What is needed is a copy of each line in the listing that contains "Original".
======== Record excerpts
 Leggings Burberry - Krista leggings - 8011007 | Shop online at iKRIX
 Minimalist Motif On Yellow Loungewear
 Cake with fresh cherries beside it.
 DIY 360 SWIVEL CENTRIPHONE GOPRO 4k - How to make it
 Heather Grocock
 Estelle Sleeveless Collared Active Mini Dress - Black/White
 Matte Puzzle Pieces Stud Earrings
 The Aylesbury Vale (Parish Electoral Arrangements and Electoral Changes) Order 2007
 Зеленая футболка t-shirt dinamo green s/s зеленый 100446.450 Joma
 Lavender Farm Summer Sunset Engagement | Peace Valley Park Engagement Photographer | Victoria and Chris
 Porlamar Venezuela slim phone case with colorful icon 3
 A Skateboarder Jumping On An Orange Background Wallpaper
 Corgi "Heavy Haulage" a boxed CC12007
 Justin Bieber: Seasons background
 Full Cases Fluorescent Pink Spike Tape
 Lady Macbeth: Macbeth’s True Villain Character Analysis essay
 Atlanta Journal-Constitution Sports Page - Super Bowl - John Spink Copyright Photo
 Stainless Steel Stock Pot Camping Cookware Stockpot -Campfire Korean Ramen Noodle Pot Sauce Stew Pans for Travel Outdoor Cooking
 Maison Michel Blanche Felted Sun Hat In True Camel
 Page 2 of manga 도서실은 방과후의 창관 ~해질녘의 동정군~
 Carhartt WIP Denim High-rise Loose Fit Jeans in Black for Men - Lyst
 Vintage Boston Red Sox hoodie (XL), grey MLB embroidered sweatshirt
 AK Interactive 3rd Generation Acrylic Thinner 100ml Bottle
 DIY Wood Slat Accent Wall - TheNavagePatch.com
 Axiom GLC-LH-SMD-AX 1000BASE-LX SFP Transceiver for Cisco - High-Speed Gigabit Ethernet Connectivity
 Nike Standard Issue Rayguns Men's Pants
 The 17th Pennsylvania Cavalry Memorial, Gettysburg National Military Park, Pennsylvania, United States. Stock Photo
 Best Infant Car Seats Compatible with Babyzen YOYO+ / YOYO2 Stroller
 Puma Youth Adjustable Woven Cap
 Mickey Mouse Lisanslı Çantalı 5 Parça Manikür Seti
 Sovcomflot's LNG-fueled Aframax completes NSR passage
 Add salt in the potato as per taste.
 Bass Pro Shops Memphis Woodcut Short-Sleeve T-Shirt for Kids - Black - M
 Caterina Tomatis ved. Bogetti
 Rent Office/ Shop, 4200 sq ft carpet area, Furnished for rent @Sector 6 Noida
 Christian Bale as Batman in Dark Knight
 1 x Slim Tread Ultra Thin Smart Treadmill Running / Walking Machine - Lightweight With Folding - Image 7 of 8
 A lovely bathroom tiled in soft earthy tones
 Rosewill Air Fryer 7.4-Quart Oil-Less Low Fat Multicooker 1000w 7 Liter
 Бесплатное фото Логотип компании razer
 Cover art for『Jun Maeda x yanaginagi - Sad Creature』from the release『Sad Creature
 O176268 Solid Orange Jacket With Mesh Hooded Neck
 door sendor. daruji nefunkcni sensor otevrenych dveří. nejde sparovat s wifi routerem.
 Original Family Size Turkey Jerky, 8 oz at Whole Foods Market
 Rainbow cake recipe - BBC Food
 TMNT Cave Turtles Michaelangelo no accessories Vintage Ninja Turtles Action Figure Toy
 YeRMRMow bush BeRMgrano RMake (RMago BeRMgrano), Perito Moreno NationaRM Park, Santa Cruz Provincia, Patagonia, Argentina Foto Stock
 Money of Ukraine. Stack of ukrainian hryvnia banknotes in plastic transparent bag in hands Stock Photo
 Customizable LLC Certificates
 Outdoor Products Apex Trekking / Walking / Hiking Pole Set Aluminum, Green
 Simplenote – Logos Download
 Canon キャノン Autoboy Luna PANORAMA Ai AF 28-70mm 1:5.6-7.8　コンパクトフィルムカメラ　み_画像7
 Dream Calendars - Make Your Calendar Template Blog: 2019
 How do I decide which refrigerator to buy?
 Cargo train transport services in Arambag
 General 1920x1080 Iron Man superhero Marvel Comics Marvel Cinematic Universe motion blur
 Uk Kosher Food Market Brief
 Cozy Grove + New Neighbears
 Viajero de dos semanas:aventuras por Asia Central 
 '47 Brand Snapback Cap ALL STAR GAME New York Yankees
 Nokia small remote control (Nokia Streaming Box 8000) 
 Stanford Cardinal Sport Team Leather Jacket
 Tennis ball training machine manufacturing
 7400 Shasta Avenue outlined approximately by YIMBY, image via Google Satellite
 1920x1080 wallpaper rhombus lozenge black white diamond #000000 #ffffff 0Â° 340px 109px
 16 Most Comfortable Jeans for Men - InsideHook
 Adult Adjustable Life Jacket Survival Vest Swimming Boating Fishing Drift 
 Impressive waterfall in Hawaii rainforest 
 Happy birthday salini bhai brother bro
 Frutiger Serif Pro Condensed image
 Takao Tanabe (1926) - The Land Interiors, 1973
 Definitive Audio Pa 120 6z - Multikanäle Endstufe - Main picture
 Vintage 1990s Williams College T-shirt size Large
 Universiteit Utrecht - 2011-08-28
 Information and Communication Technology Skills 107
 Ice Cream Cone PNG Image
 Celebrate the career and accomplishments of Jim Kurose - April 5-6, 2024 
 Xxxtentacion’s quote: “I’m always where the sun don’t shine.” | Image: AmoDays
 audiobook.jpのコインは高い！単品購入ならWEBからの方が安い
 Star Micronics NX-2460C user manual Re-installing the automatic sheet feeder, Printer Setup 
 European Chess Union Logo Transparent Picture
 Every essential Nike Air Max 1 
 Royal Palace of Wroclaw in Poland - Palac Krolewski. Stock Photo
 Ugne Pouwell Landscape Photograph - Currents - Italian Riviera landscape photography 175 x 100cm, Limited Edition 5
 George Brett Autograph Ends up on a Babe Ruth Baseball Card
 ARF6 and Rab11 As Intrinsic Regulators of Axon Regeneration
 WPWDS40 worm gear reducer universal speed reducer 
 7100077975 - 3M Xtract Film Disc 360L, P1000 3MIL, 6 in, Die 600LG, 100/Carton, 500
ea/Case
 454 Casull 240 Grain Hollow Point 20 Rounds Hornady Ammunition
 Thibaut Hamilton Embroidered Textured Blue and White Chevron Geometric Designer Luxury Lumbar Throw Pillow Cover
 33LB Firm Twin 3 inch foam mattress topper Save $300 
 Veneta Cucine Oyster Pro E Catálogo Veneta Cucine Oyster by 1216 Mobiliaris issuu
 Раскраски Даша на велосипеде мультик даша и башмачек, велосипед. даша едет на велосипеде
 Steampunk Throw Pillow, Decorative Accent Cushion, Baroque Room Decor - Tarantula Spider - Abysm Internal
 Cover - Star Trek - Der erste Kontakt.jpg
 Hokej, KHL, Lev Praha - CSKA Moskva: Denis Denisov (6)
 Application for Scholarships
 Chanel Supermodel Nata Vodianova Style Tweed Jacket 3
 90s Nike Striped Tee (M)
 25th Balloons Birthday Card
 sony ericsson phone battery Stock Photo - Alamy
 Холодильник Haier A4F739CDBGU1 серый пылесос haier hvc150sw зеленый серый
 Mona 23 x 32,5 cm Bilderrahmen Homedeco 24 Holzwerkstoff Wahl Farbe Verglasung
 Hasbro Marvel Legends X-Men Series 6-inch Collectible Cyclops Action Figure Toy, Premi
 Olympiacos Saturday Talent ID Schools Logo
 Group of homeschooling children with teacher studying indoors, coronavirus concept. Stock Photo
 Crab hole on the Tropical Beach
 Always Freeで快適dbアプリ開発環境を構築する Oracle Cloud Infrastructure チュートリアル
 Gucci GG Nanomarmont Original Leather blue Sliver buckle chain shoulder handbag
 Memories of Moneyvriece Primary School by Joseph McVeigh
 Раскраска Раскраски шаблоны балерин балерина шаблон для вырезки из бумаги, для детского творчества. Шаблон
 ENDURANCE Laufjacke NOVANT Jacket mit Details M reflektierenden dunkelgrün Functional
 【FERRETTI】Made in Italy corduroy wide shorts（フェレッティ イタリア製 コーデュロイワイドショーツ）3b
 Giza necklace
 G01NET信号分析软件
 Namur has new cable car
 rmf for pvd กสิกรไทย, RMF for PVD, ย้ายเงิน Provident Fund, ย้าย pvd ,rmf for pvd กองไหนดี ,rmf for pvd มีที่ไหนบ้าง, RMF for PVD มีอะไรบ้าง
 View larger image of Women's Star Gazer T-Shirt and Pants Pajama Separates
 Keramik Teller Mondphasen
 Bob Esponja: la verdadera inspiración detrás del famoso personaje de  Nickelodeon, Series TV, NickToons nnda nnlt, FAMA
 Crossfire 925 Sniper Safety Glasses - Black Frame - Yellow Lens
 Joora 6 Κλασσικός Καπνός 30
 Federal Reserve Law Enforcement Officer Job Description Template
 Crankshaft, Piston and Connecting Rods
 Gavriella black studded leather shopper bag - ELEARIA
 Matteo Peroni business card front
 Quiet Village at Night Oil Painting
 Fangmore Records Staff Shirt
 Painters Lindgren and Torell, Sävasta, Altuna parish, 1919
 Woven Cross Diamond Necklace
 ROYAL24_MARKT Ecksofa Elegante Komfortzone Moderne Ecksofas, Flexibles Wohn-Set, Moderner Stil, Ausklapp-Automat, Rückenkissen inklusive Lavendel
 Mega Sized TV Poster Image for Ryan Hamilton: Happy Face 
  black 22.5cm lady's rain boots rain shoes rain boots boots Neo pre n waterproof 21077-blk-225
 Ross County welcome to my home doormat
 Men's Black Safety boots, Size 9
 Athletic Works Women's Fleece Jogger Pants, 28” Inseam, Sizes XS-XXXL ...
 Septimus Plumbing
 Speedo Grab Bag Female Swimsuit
================
◆ **Your solution**:
 Original Family Size Turkey Jerky, 8 oz at Whole Foods Market
 Gucci GG Nanomarmont Original Leather blue Sliver buckle chain shoulder handbag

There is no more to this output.